I think you can teach your boy to work for food! If he takes treats at other times but not during a training session, then he's either not hungry (meaning a random treat is enjoyable, but more than that is just a bother), or he's too stressed/excited during training! The former can be solved by meal timing or rationing his food, and the latter can be trained away. : ) This video explains teaching your dog to work for toys using food as a reward, but you can use the same method in reverse. 






I actually used this method to teach my dog to work for different valued food-rewards, as she began refusing the lower-value rewards whenever I had (or she even suspected I had!) something of higher-value. She was actually a majorly picky eater for several months in her first year. Seriously, rip-your-hair-out-stressful type of picky eater, drove me crazy! In a matter of weeks of just rewarding the consumption of lower-value food by giving a higher-value treat, that was completely solved. She's now a chowhound, excluding one or two things that are genuinely unpalatable to her (as opposed to just being "not as good" as some imagined alternative!).
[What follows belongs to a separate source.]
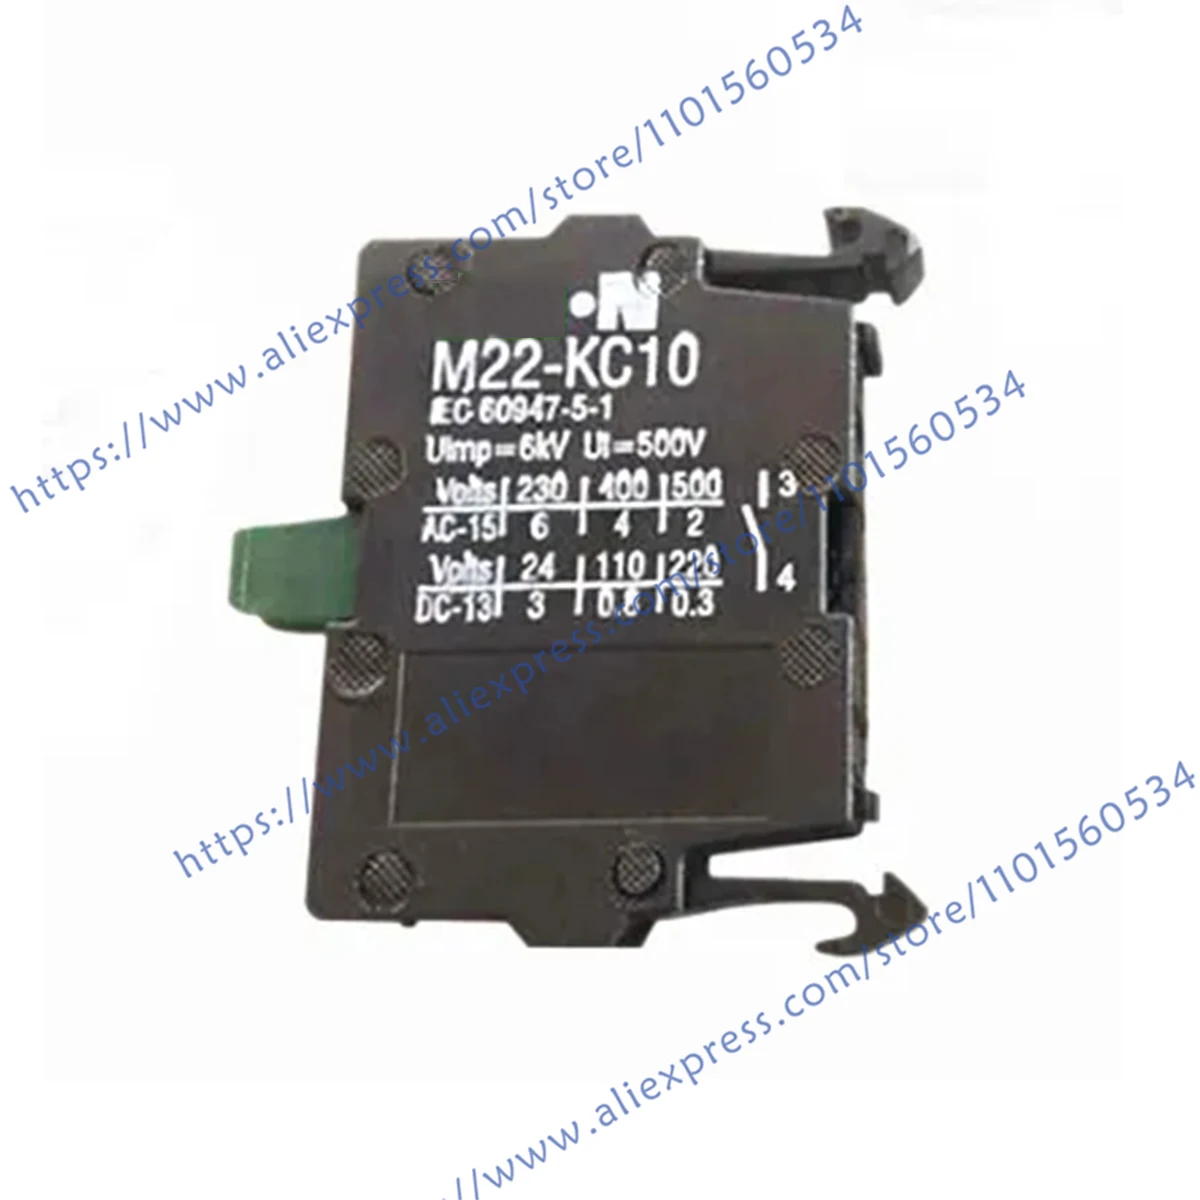 

New And Original Connector M22-kc01 Spot Photo, 1-Year Warranty

Still, you can train a lot without treats as others have suggested here! Don't let the current lack of food motivation slow you down! But, build that food reinforcer. It's a *powerful* tool to have at your disposal! : )


----------



## Charmed (Aug 4, 2014)

I have experienced the low food drive dog, also. My girl loved movie theatre popcorn, so before class, when it was really important that she be focused I would stop at the theatre and grab her some popcorn. Worked great, and not much else would. Another dog got excited about new squeaky toys, so he only got to play with the new toy for training sessions. I knew I had a good toy when the other picky dog in the class wanted our squeaky toy. All of my picky dogs loved those little rabbit fur mice that are supposed to be cat toys. Another hint: chicken didnlt work, but chicken that was heated up would work. Also, I reward such tiny amounts that if the desired treat was salty, or fatty... I allowed it. All dogs will work for something, you just have to figure out what it is that motivates them.


----------



## SolaTee (Jan 3, 2015)

Thanks everyone for your replies, I will keep looking for that jackpot treat, i know what its not atleast


----------



## ericwd9 (Jun 13, 2014)

It may well not be good for dogs but bacon and ham worked for me with distracted dogs. Keep the treats small.
Eric.


----------



## mother4 (Jun 8, 2014)

My picky dogs like Merrick dehydrated lamb lungs you can break them into tiny bits


----------